#### [Source data]
—————

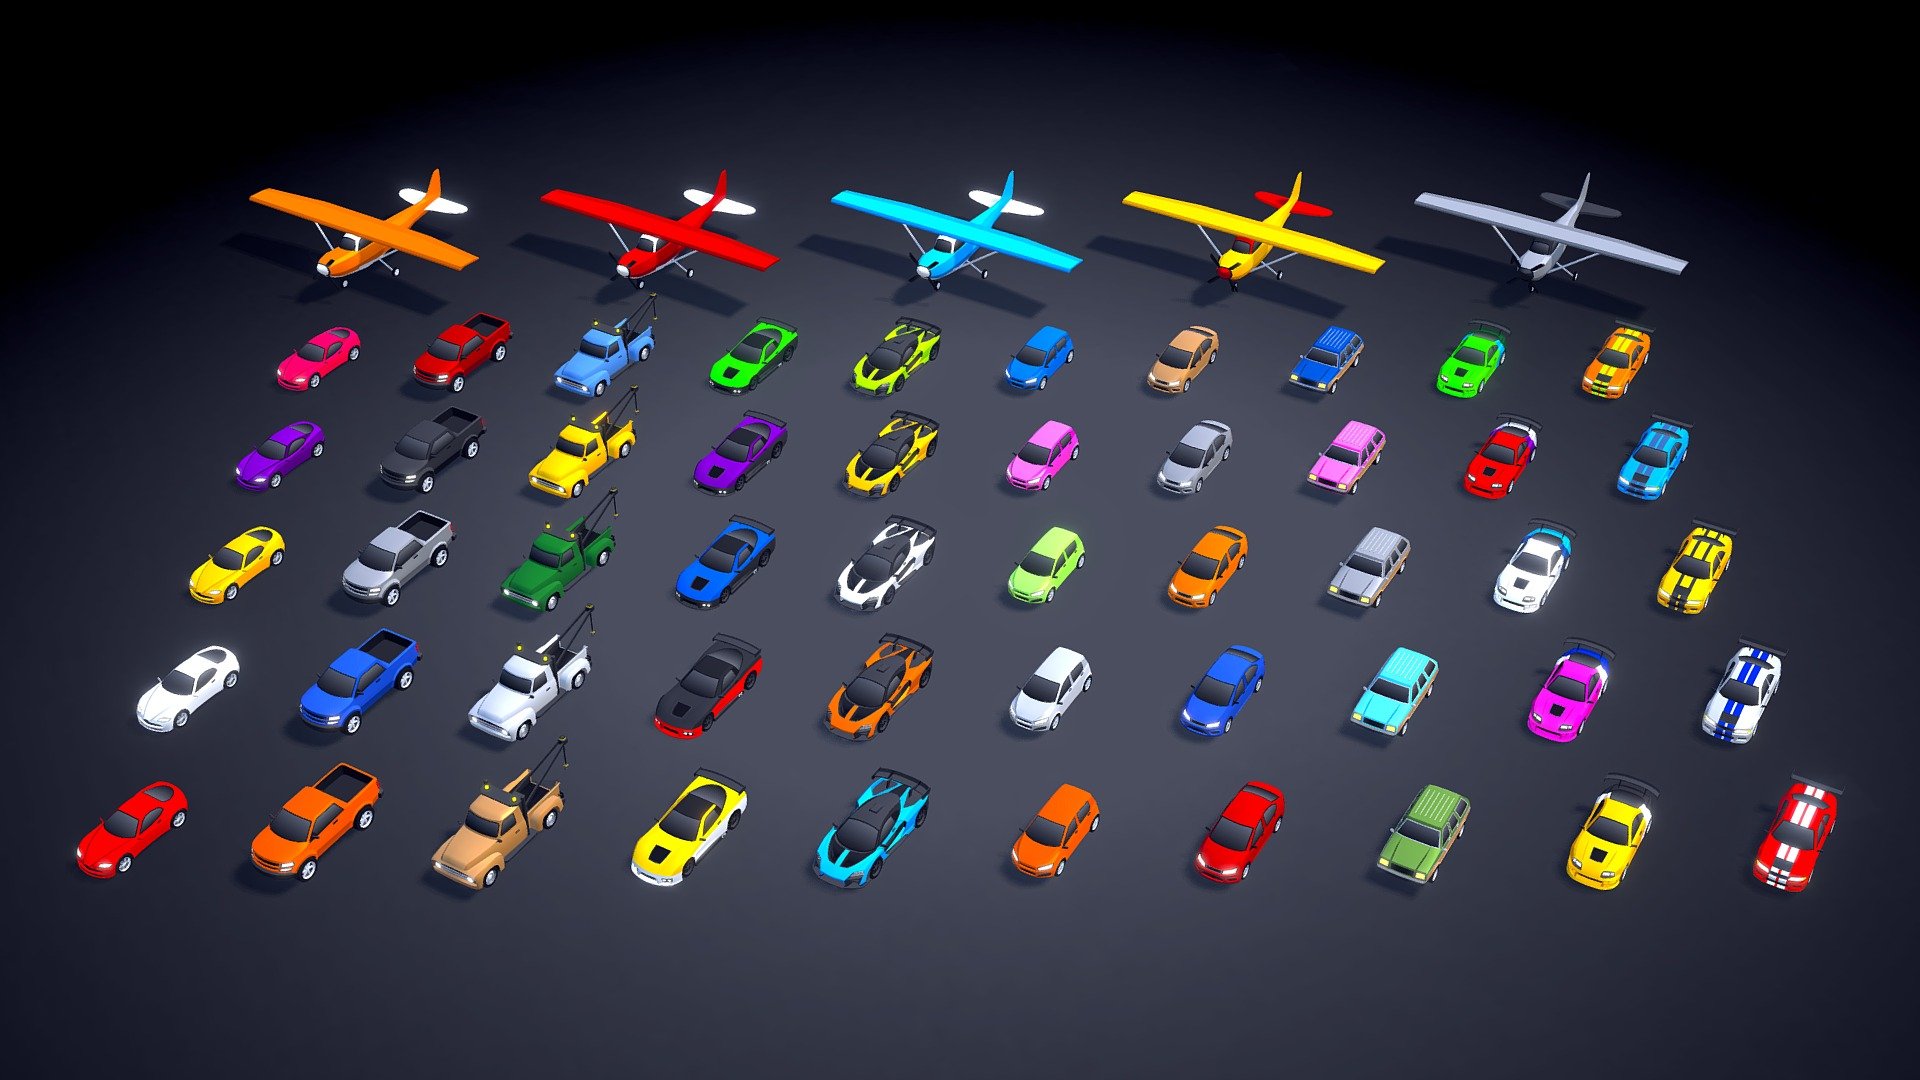 This is the July update of my asset called ARCADE: Ultimate Vehicles Pack. This update will be launched on July 4th. Available in Unity3D (in the Unity Asset Store) and Sketchfab! (FBX + UNITY Files included).

This update includes 11 new vehicles (racing cars, trucks, and drift cars).

Best regards, Mena 3d model

—————

#### [Your instructions]
Leave out the pictures and repeat the remaining data exactly.

#### [Answer to this task]
 This is the July update of my asset called ARCADE: Ultimate Vehicles Pack. This update will be launched on July 4th. Available in Unity3D (in the Unity Asset Store) and Sketchfab! (FBX + UNITY Files included).

This update includes 11 new vehicles (racing cars, trucks, and drift cars).

Best regards, Mena 3d model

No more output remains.